In this paper, we presented a complete approach to compute the feasibility and corresponding operational regions for transiting from one member to another with biped climbing robots, such as Climbot. The transition analysis takes the safety, reachability, and accessibility of grips in to account. This achievement was then applied to the rapid determination of global paths as a core evaluation for the first time. Simulations successfully verified the effectiveness and efficiency of the presented analysis and algorithms. A novel contribution of this paper is the presentation of a systematic scheme to quantitatively analyze the feasibility of member-to-member transition performed with biped climbing robots. This scheme solves the operational region completely. However, the proposed transition analysis has its own limitation. Owing to the introduction of planar configuration constraints (not usually the case for robots with more than 5 DoF), the transition analysis is only applicable to robots with up to 5 DoF. Another contribution of this paper is a novel path planning algorithm to rapidly determinate feasible global routes for biped climbing robots to move in 3D complex truss environments. This path planning algorithm is greatly beneficial to all the biped climbing robots if their transition capabilities can be modeled and calculated, by outputting global guidance for subsequent planning procedures.

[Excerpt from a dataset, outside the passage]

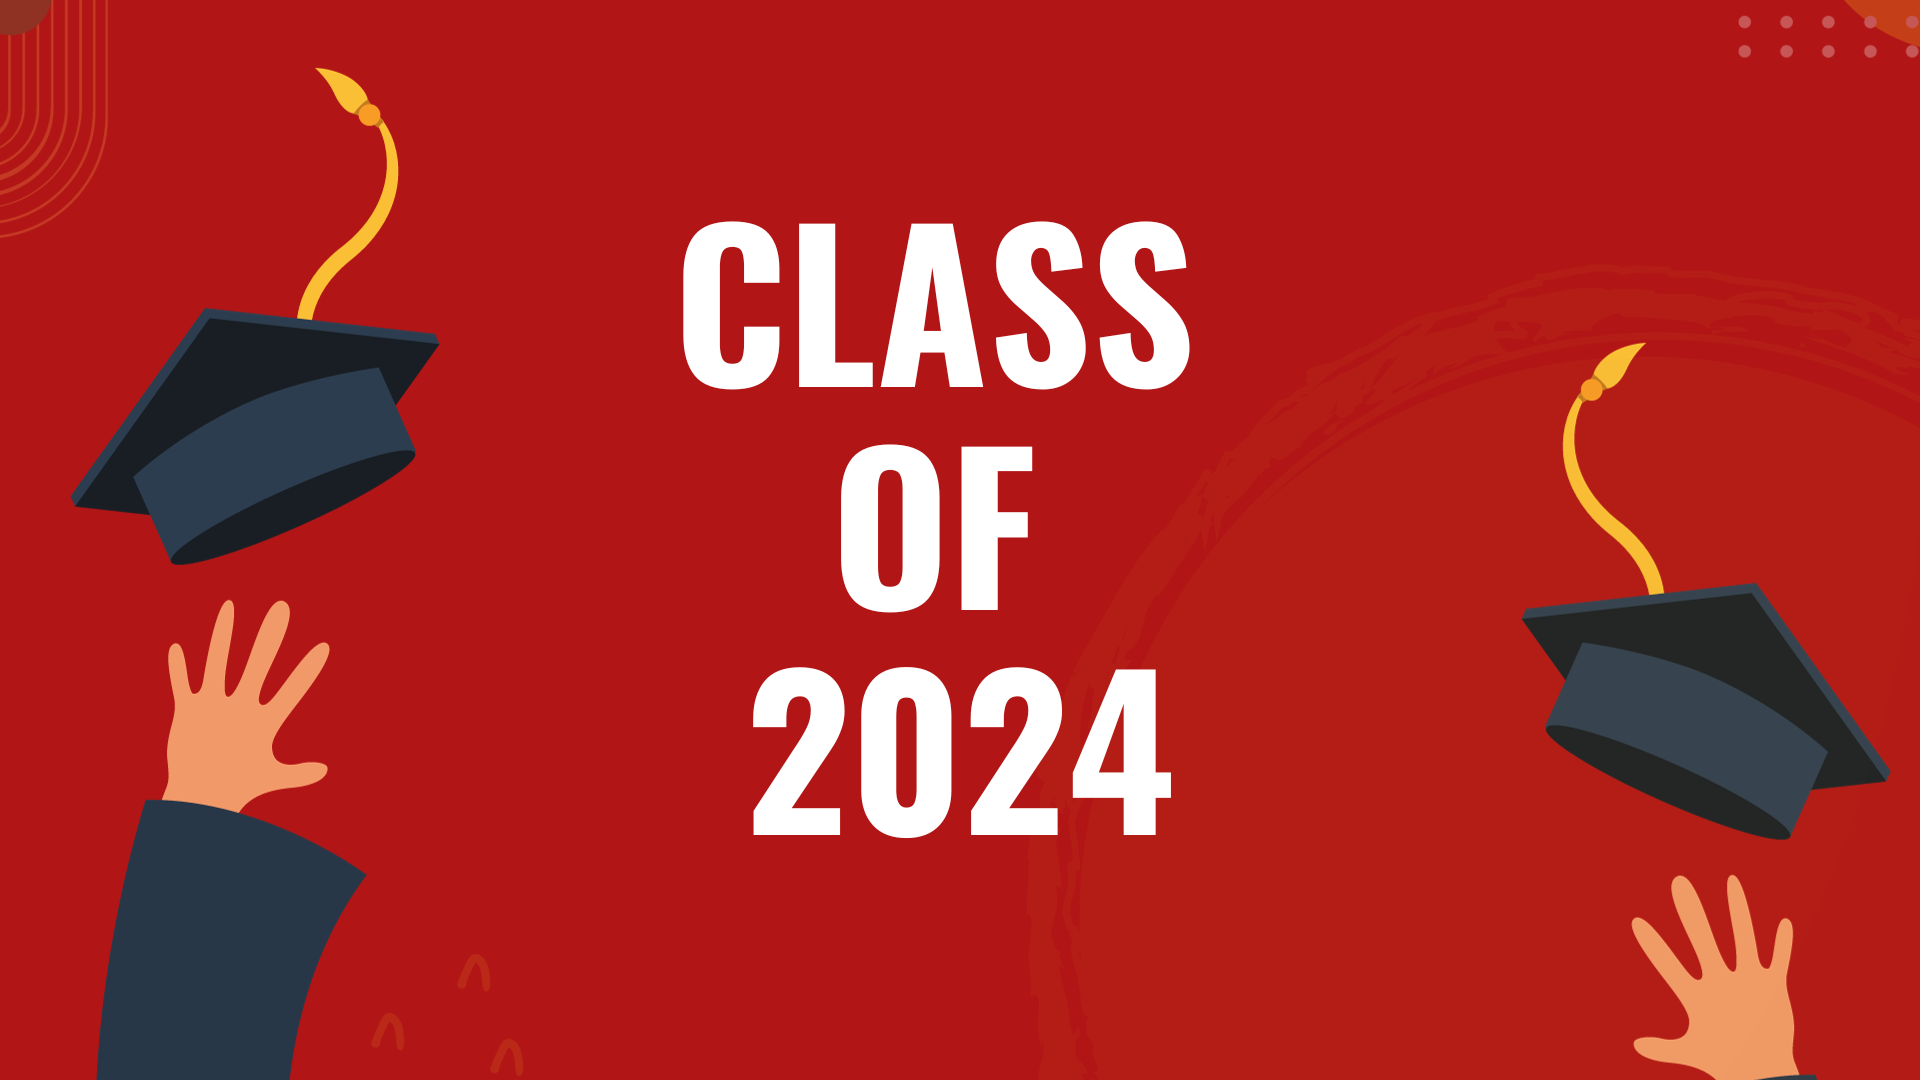 Graduation 2024
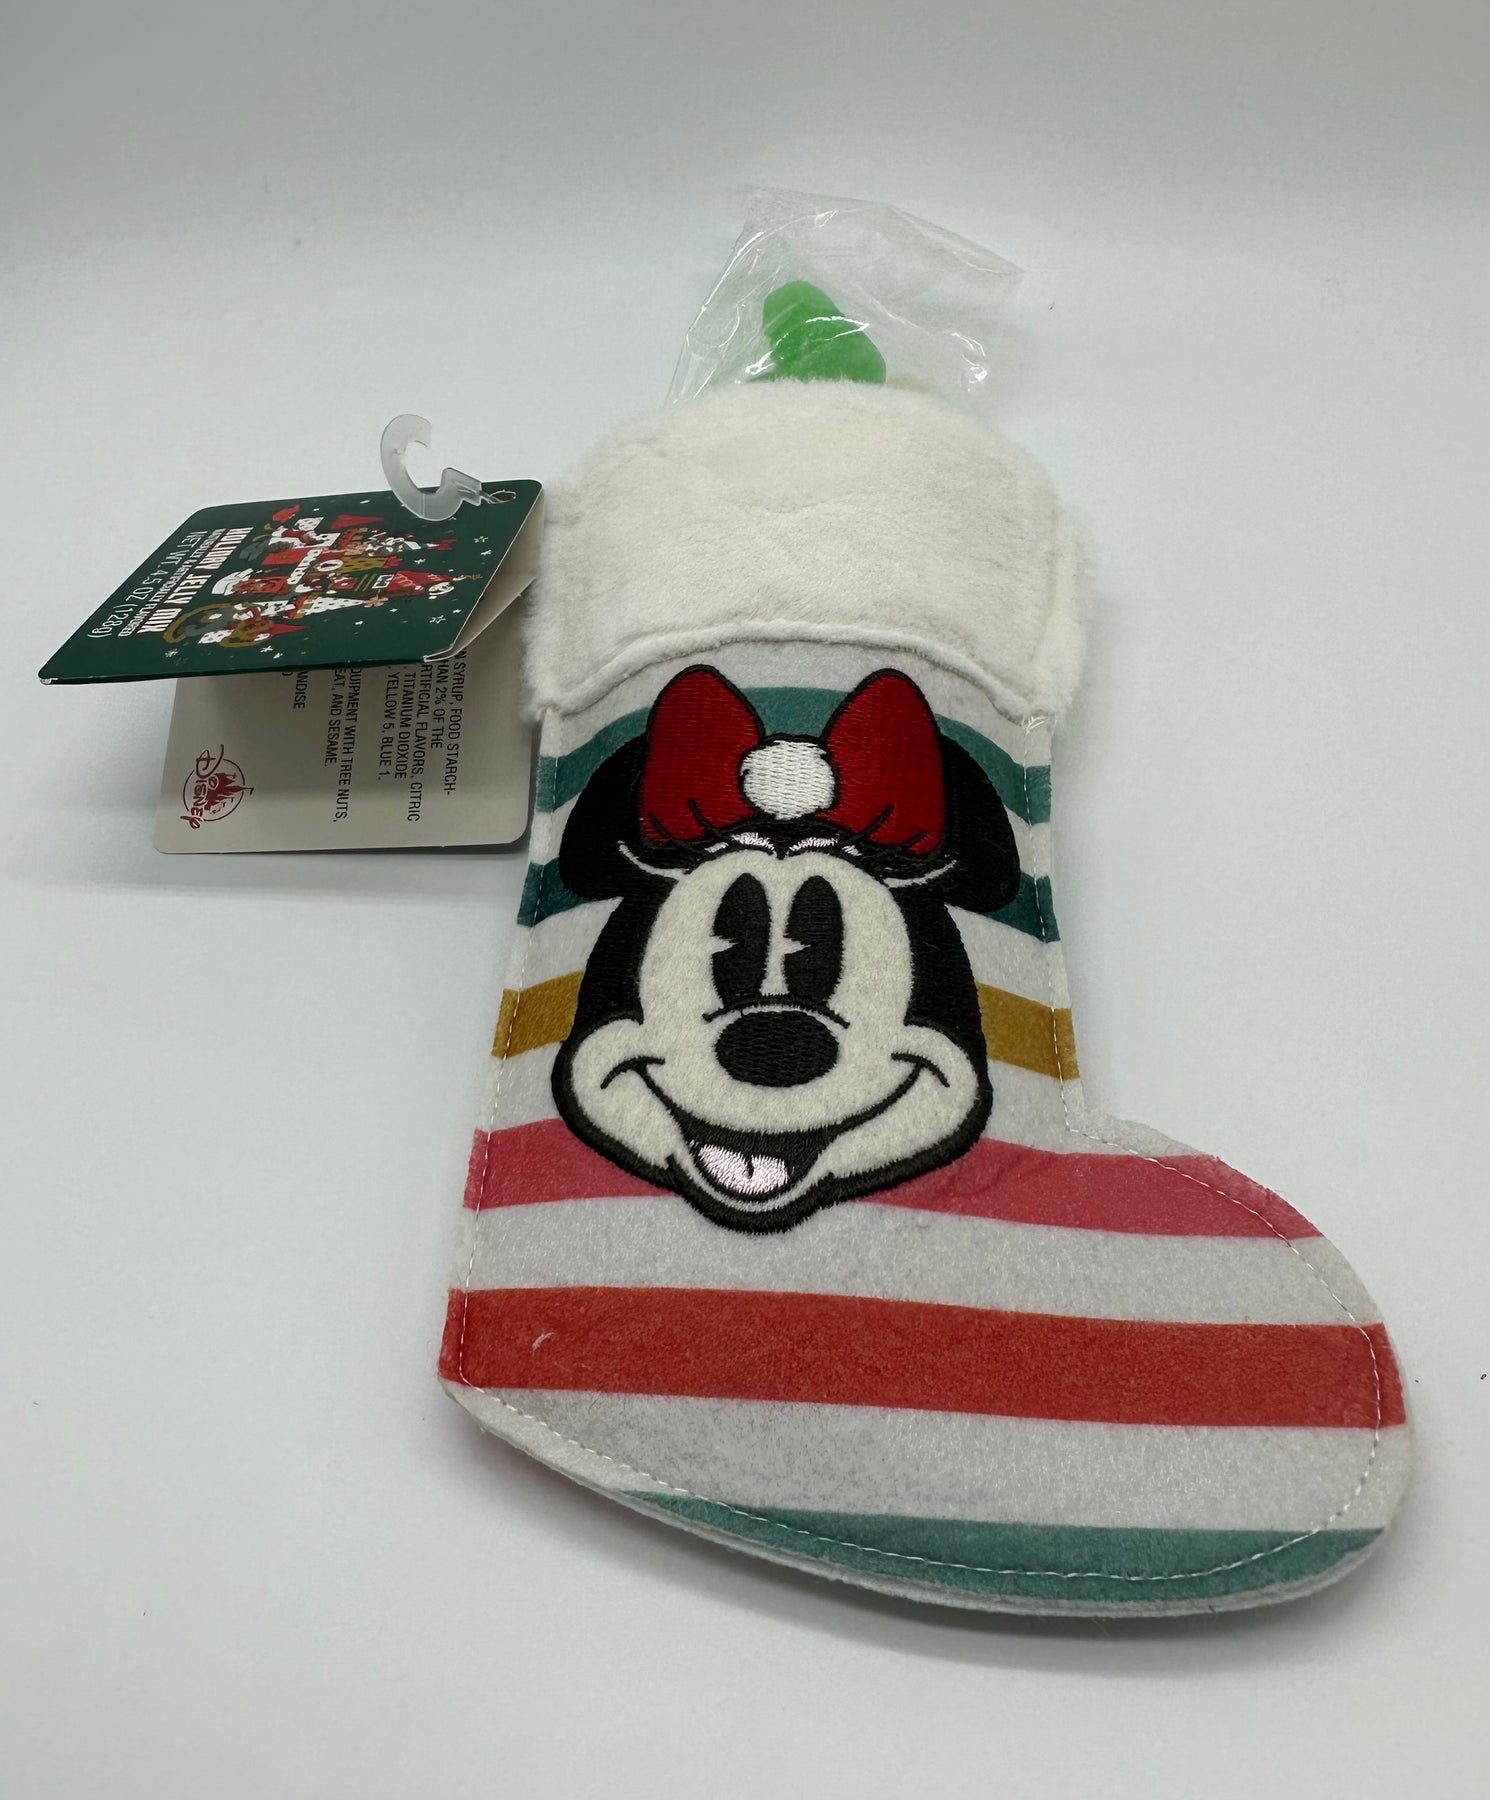 Disney 100 Mickey and Stitch Pixel Art Kit Fused Bead Kit New Sealed

In the near future, we will explore a more general idea for performing transition analysis, which will be applicable to all biped climbing robots. We also plan to propose criteria for the evaluation of the global routes’ qualities, and then develop subsequent planners to generate the entire climbing path, i.e., optimal grip sequencer and single-step motion planner. Extensive climbing experiments on various trusses will be conducted to further verify our planning algorithms.